* _Exercise data_:
»»

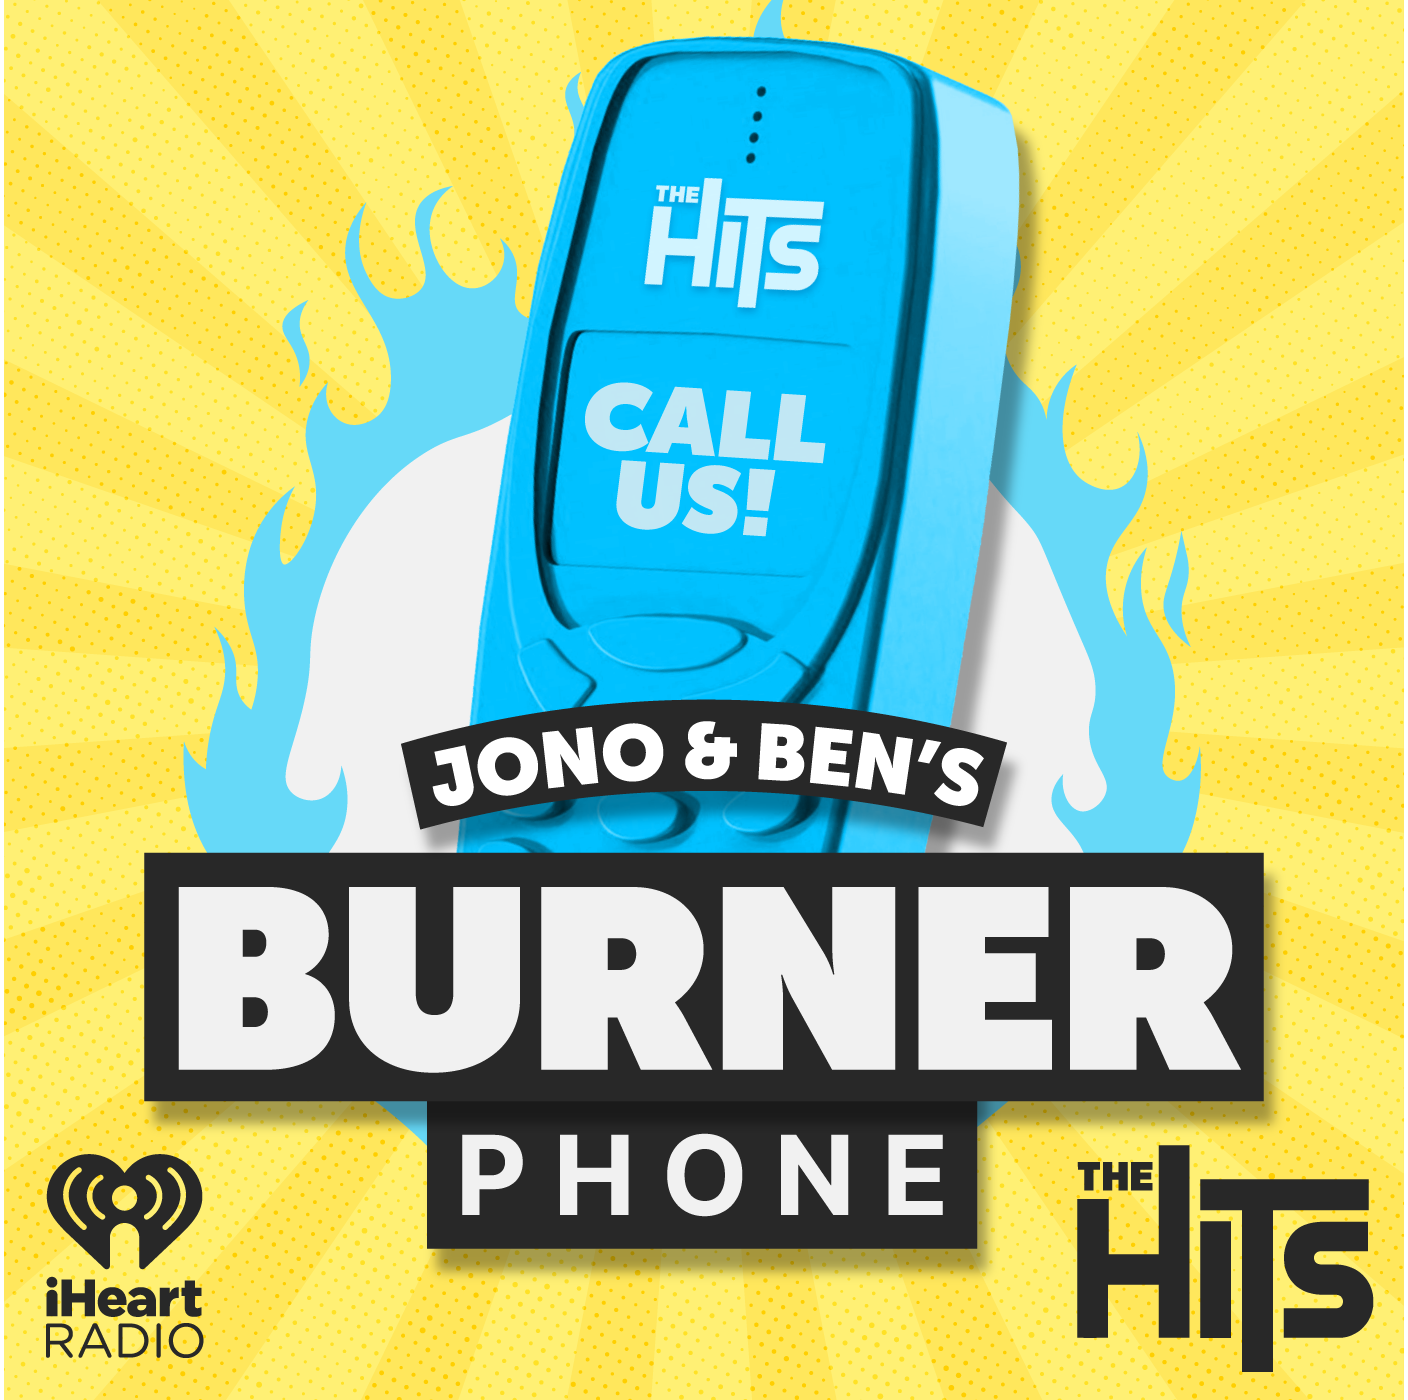 The Burner Phone 69: The Most Pointless Voicemail?
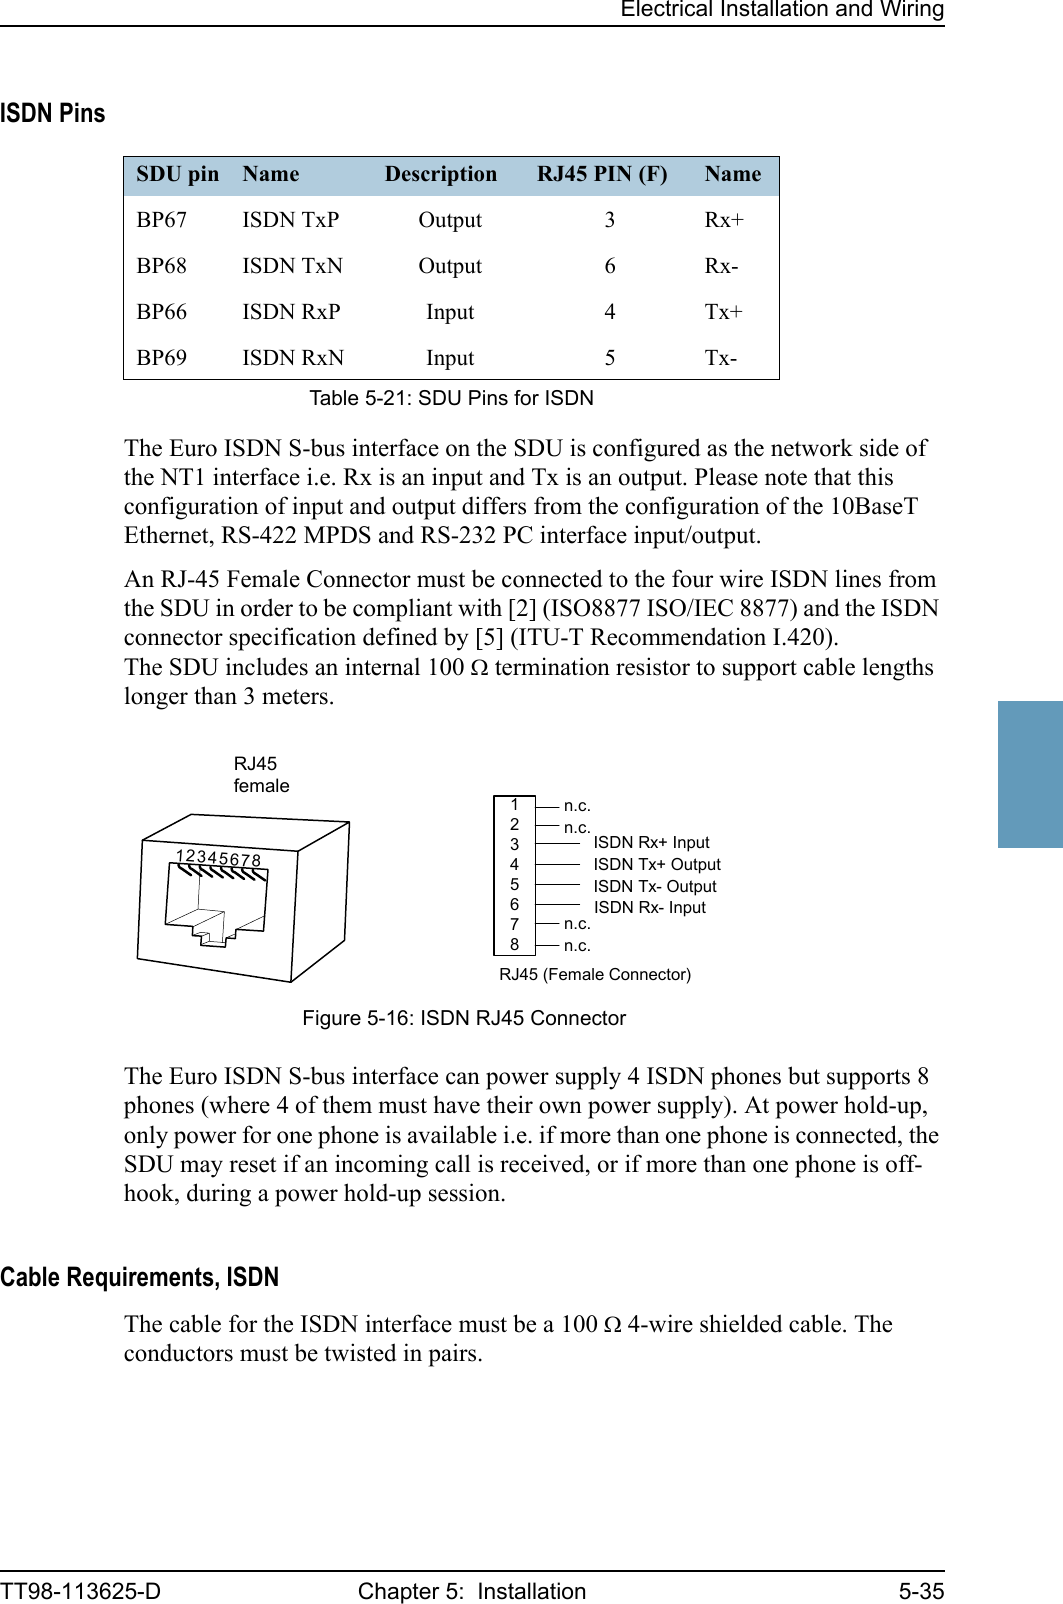 Electrical Installation and WiringTT98-113625-D Chapter 5:  Installation 5-355555ISDN PinsThe Euro ISDN S-bus interface on the SDU is configured as the network side of the NT1 interface i.e. Rx is an input and Tx is an output. Please note that this configuration of input and output differs from the configuration of the 10BaseT Ethernet, RS-422 MPDS and RS-232 PC interface input/output.An RJ-45 Female Connector must be connected to the four wire ISDN lines from the SDU in order to be compliant with [2] (ISO8877 ISO/IEC 8877) and the ISDN connector specification defined by [5] (ITU-T Recommendation I.420). The SDU includes an internal 100 Ω termination resistor to support cable lengths longer than 3 meters.The Euro ISDN S-bus interface can power supply 4 ISDN phones but supports 8 phones (where 4 of them must have their own power supply). At power hold-up, only power for one phone is available i.e. if more than one phone is connected, the SDU may reset if an incoming call is received, or if more than one phone is off-hook, during a power hold-up session. Cable Requirements, ISDNThe cable for the ISDN interface must be a 100 Ω 4-wire shielded cable. The conductors must be twisted in pairs.SDU pin Name Description RJ45 PIN (F) NameBP67 ISDN TxP Output 3 Rx+BP68 ISDN TxN Output 6 Rx-BP66 ISDN RxP Input 4 Tx+BP69 ISDN RxN Input 5 Tx-Table 5-21: SDU Pins for ISDNFigure 5-16: ISDN RJ45 Connector12345678ISDN Rx+ InputISDN Tx+ OutputISDN Tx- OutputISDN Rx- Inputn.c.n.c.n.c.n.c.RJ45 (Female Connector)RJ45female12345678
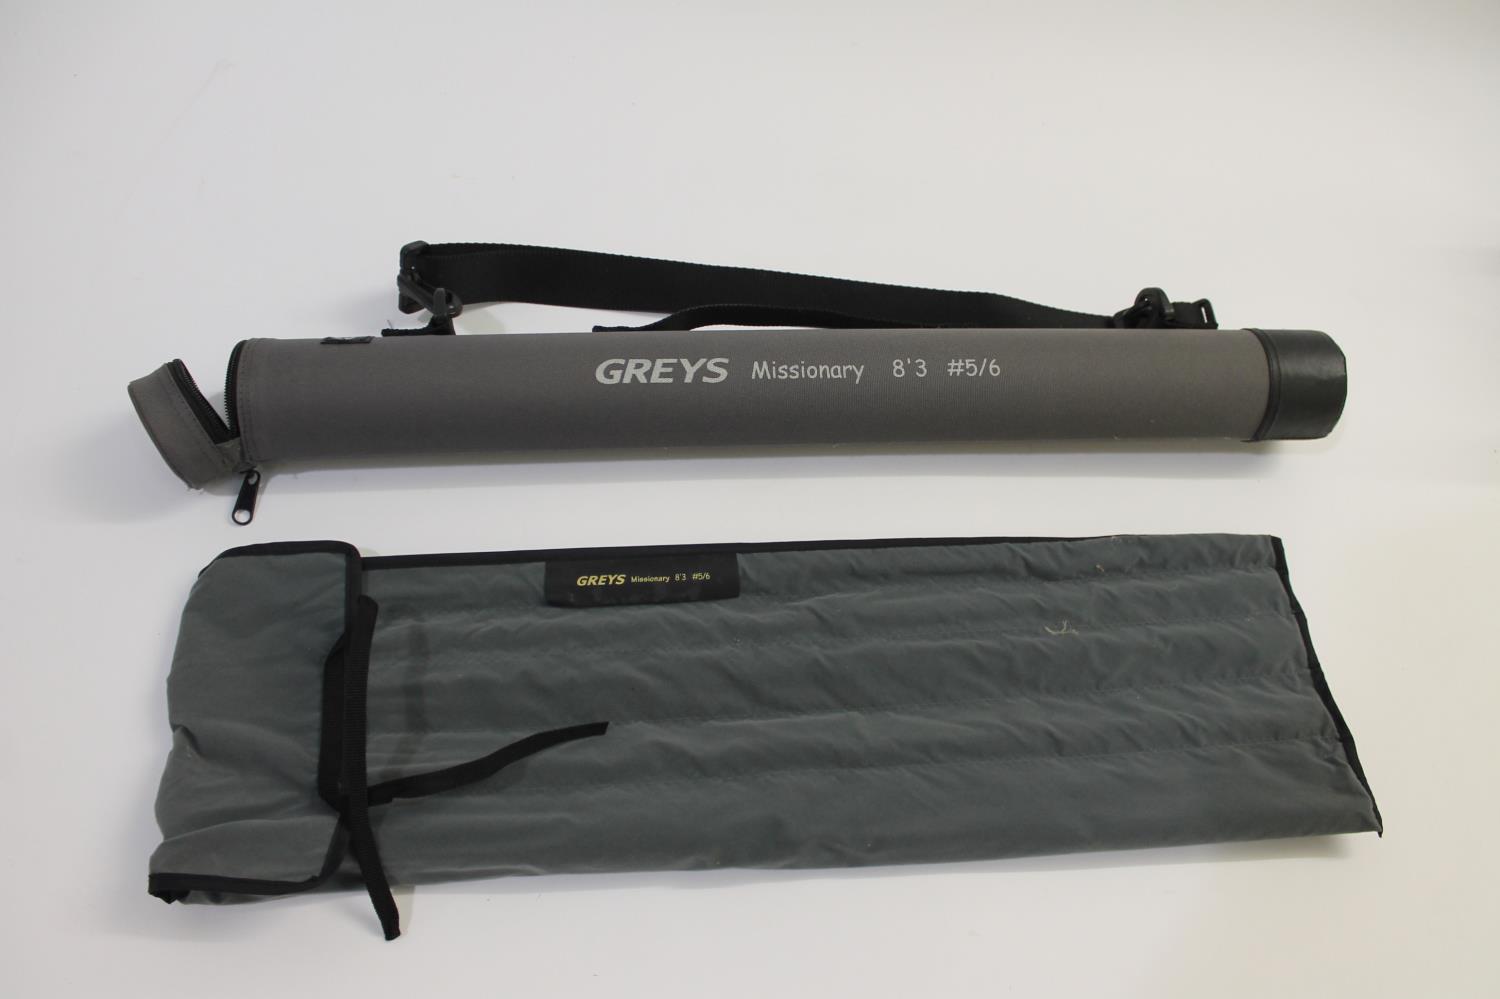 GREY'S MISSIONARY - CARBON FIBRE TRAVEL FISHING ROD. - Image 11 of 11

««

* _Exercise goal_:
Leaving the pictures out, write out all the material above exactly.

* _Output of the exercise_:
 The Burner Phone 69: The Most Pointless Voicemail?
 Electrical Installation and WiringTT98-113625-D Chapter 5:  Installation 5-355555ISDN PinsThe Euro ISDN S-bus interface on the SDU is configured as the network side of the NT1 interface i.e. Rx is an input and Tx is an output. Please note that this configuration of input and output differs from the configuration of the 10BaseT Ethernet, RS-422 MPDS and RS-232 PC interface input/output.An RJ-45 Female Connector must be connected to the four wire ISDN lines from the SDU in order to be compliant with [2] (ISO8877 ISO/IEC 8877) and the ISDN connector specification defined by [5] (ITU-T Recommendation I.420). The SDU includes an internal 100 Ω termination resistor to support cable lengths longer than 3 meters.The Euro ISDN S-bus interface can power supply 4 ISDN phones but supports 8 phones (where 4 of them must have their own power supply). At power hold-up, only power for one phone is available i.e. if more than one phone is connected, the SDU may reset if an incoming call is received, or if more than one phone is off-hook, during a power hold-up session. Cable Requirements, ISDNThe cable for the ISDN interface must be a 100 Ω 4-wire shielded cable. The conductors must be twisted in pairs.SDU pin Name Description RJ45 PIN (F) NameBP67 ISDN TxP Output 3 Rx+BP68 ISDN TxN Output 6 Rx-BP66 ISDN RxP Input 4 Tx+BP69 ISDN RxN Input 5 Tx-Table 5-21: SDU Pins for ISDNFigure 5-16: ISDN RJ45 Connector12345678ISDN Rx+ InputISDN Tx+ OutputISDN Tx- OutputISDN Rx- Inputn.c.n.c.n.c.n.c.RJ45 (Female Connector)RJ45female12345678
 GREY'S MISSIONARY - CARBON FIBRE TRAVEL FISHING ROD. - Image 11 of 11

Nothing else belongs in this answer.